The vote has been deemed largely free and fair by the national electoral commission.
A crowded field of 39 candidates has now shrunk to just two, with Zelenskiy and Poroshenko set to go head-to-head in a second round run-off on April 21.
Propelled by his anti-establishment appeal, newcomer Zelenskiy must convince voters he is fit to lead a country that has been at war ever since protests in 2014 ejected a pro-Kremlin government and Russia annexed the Crimean peninsula.
He has been criticised for being an unknown quantity and light on policy detail, and his victory speech on Sunday provided little further insight into what he would do if handed the top job in the second round vote.
Both Zelenskiy and Poroshenko face firmly west, and neither wants to move Ukraine back into Russia's orbit. But investors are also keen to see if the next president would push reforms required to keep the country in an International Monetary Fund bailout program that has supported Ukraine through war, sharp recession and a currency plunge.
With 50.4 per cent of ballots counted by 9am on Monday, Zelenskiy held 30.2 per cent of the vote, the Central Election Commission said.
The result is a powerful challenge to the veteran politician Poroshenko, at 16.6 per cent, and former Prime Minister Yulia Tymoshenko, who trailed in third place with 13.1 per cent.
"I would like to say 'thank you' to all the Ukrainians who did not vote just for fun," Zelenskiy told cheering supporters on Sunday. "It is only the beginning, we will not relax."
In keeping with the laid-back style of his campaign, Zelenskiy's election night venue provided a bar with free alcohol, table football and table tennis games.
Poroshenko called the result a "severe lesson", especially from younger voters, and urged their support in a second round.

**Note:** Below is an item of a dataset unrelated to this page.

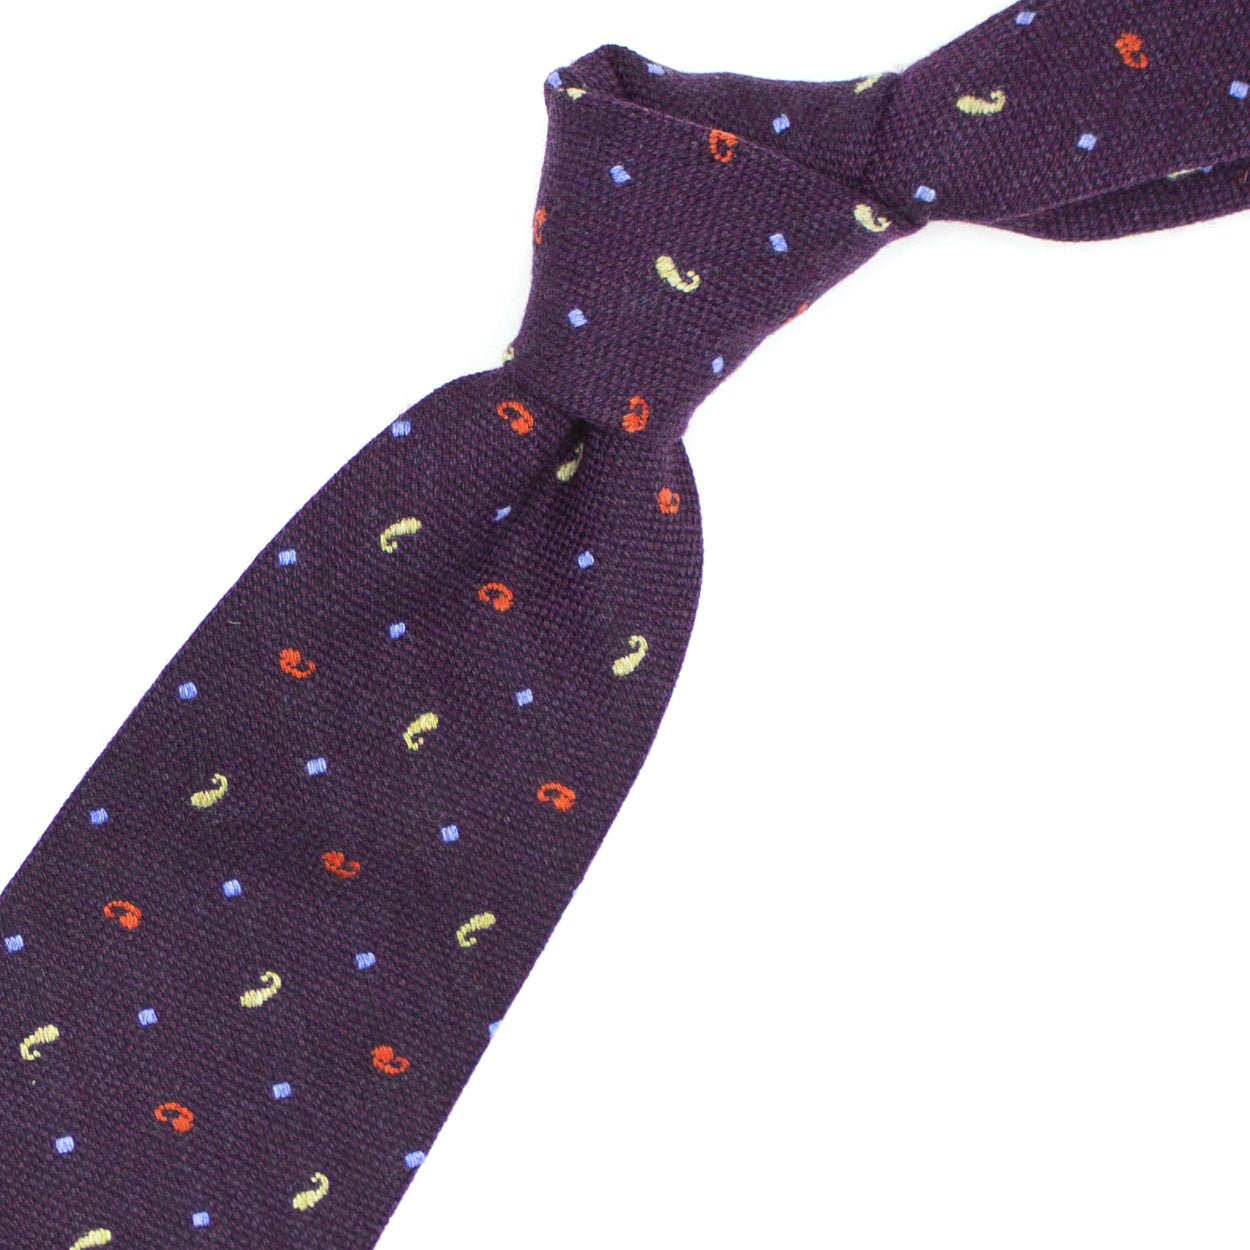 Bordeaux tie with orange and yellow paisleys and blue squares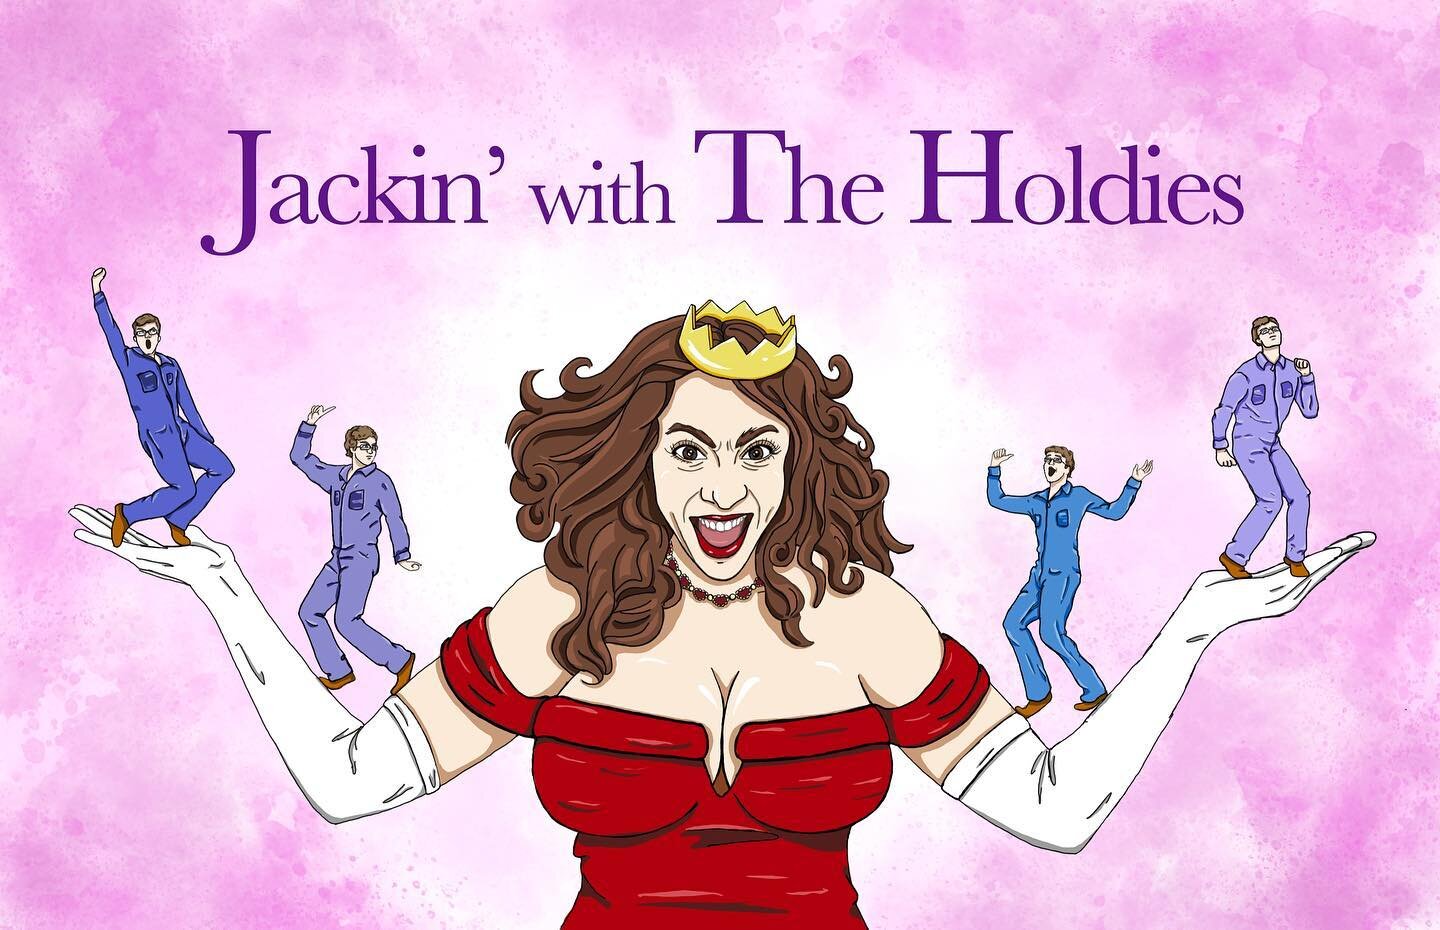 Did some gorgeous, yes I said gorgeous, artwork for the rebrand of @holdenmcn and @jackthatworm twitch stream &ldquo;Jackin&rsquo; with The Holdies&rdquo;. Jackie is sporting Pretty Woman lewks with a deserved golden crown. Her gloved arms support th

"You see changes in the country, but want them to be quicker, deeper and of higher quality. I have understood the motives behind your protest," he said.
Poroshenko sought to portray Zelenskiy as unfit to represent Ukraine abroad, especially when taking on Russian President Vladimir Putin in international talks.
Putin "dreams of a soft, pliant, tender, giggling, inexperienced, weak, ideologically amorphous and politically undecided president of Ukraine. Are we really going to give him that opportunity?" Poroshenko said.
Tymoshenko said at a news conference she might yet challenge the result, adding that her team's exit polling put her in second place.
Poroshenko has fought to integrate the country with the European Union and NATO, while strengthening the military that is fighting Kremlin-backed separatists in Ukraine's east.